O procedimento está em discussão, devendo ser decidido em setembro próximo. Uma deputada do Parlamento Europeu, a holandesa Johanna Boogerd-Quaak, ameaça processar a Comissão da UE, caso esta se curve à exigência norte-americana. Segundo Boogerd-Quaak, o serviço secreto daquele país já estaria baixando livremente dados dos chamados passenger name records (PNR).
Primeiro os muito maus
Cerca de 11 milhões de passageiros por ano são vítimas potenciais desse esquema de transferência de informações, impensável antes de 11 de setembro de 2001. As autoridades dos EUA se reservam o direito de ampliar a lista dos campos de dados, de acordo com o atual grau de risco, além de poder armazená-los por um prazo de sete anos e utilizá-los no sistema de controle de passageiros CAPPS II. Após este período, os dados ainda seriam mantidos durante mais oito anos num arquivo denominado Deleted record file.
Segundo Steve McHale, do Departamento de Segurança de Transportes dos EUA, o CAPPS permitirá "realizar uma análise e avaliação de risco, assim como identificar terroristas". No espaço de cinco segundos, os dados serão cotejados com "o melhor material do serviço secreto americano sobre terroristas", e o passageiro, colocado numa das três categorias de periculosidade: "verde" – de risco mínimo –, "amarela" – exigindo medidas de segurança –, ou "vermelha" – que implica acionar o pessoal de segurança para uma eventual detenção.
O sistema pode ser reduzido à seguinte fórmula: primeiro os muito maus, depois os nem tão maus assim.
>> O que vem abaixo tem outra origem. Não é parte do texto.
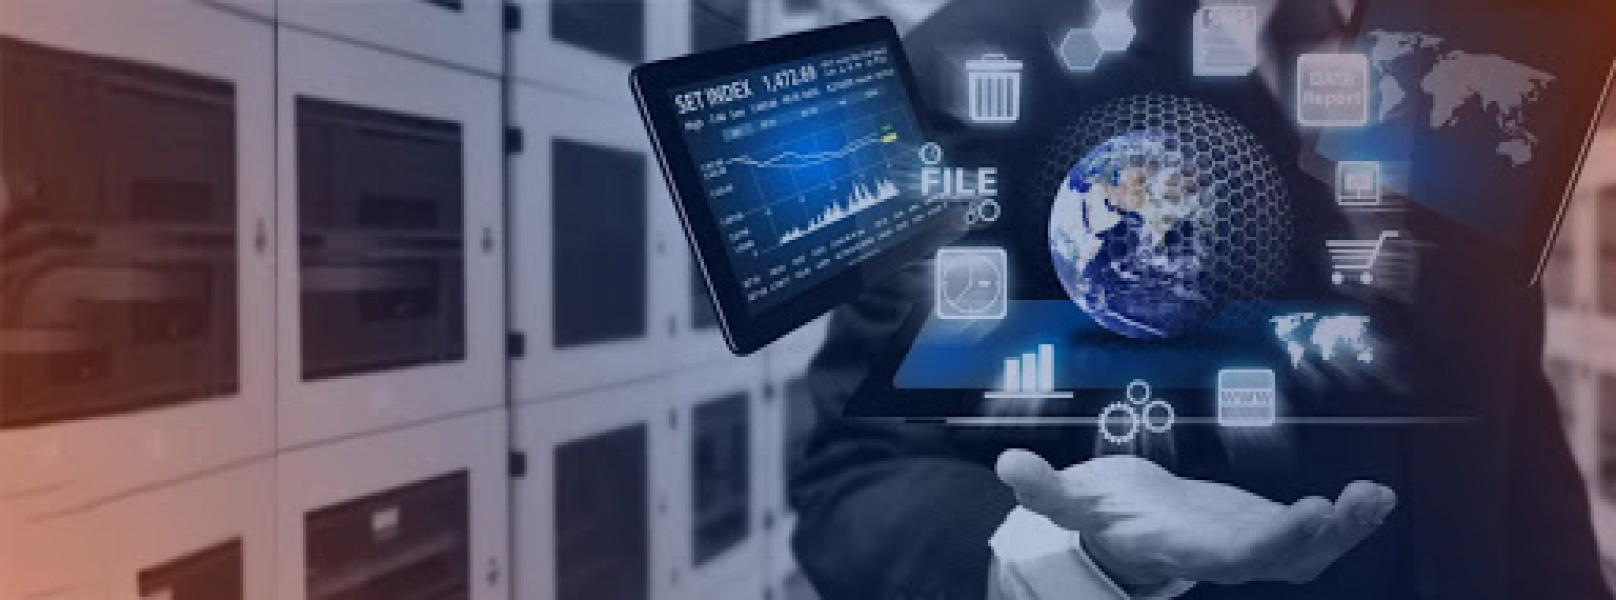 Перспективы в Украине для специалистов по информационным и компьютерным технологиям

Protestos nos EUA levaram à suspensão dos testes com o CAPPS II, para que sejam implementadas medidas de proteção de dados. Contudo estas se aplicam exclusivamente a cidadãos norte-americanos, não a estrangeiros.
Do terrorismo à espionagem industrial
O ex-comissário da UE para Assuntos Externos Chris Patten aceitara em fevereiro passado o acerto ilegítimo que dá ao serviço secreto dos EUA acesso aos bancos de dados de companhias como a Lufthansa, Air France e British Airways. Embora tendo agido para evitar a proibição de pouso para os vôos europeus nos EUA, Patten foi afastado do cargo, logo após a decisão. Atualmente o comissário Frits Bolkenstein representa a UE nas negociações.
O vice-presidente do Parlamento Europeu, Gerhard Schmidt, classificou as exigências dos órgãos de segurança dos EUA pura e simplesmente de "chantagem econômica com nossas linhas aéreas". Especialistas em proteção de dados exigem que a determinação de fevereiro tenha validade apenas temporária.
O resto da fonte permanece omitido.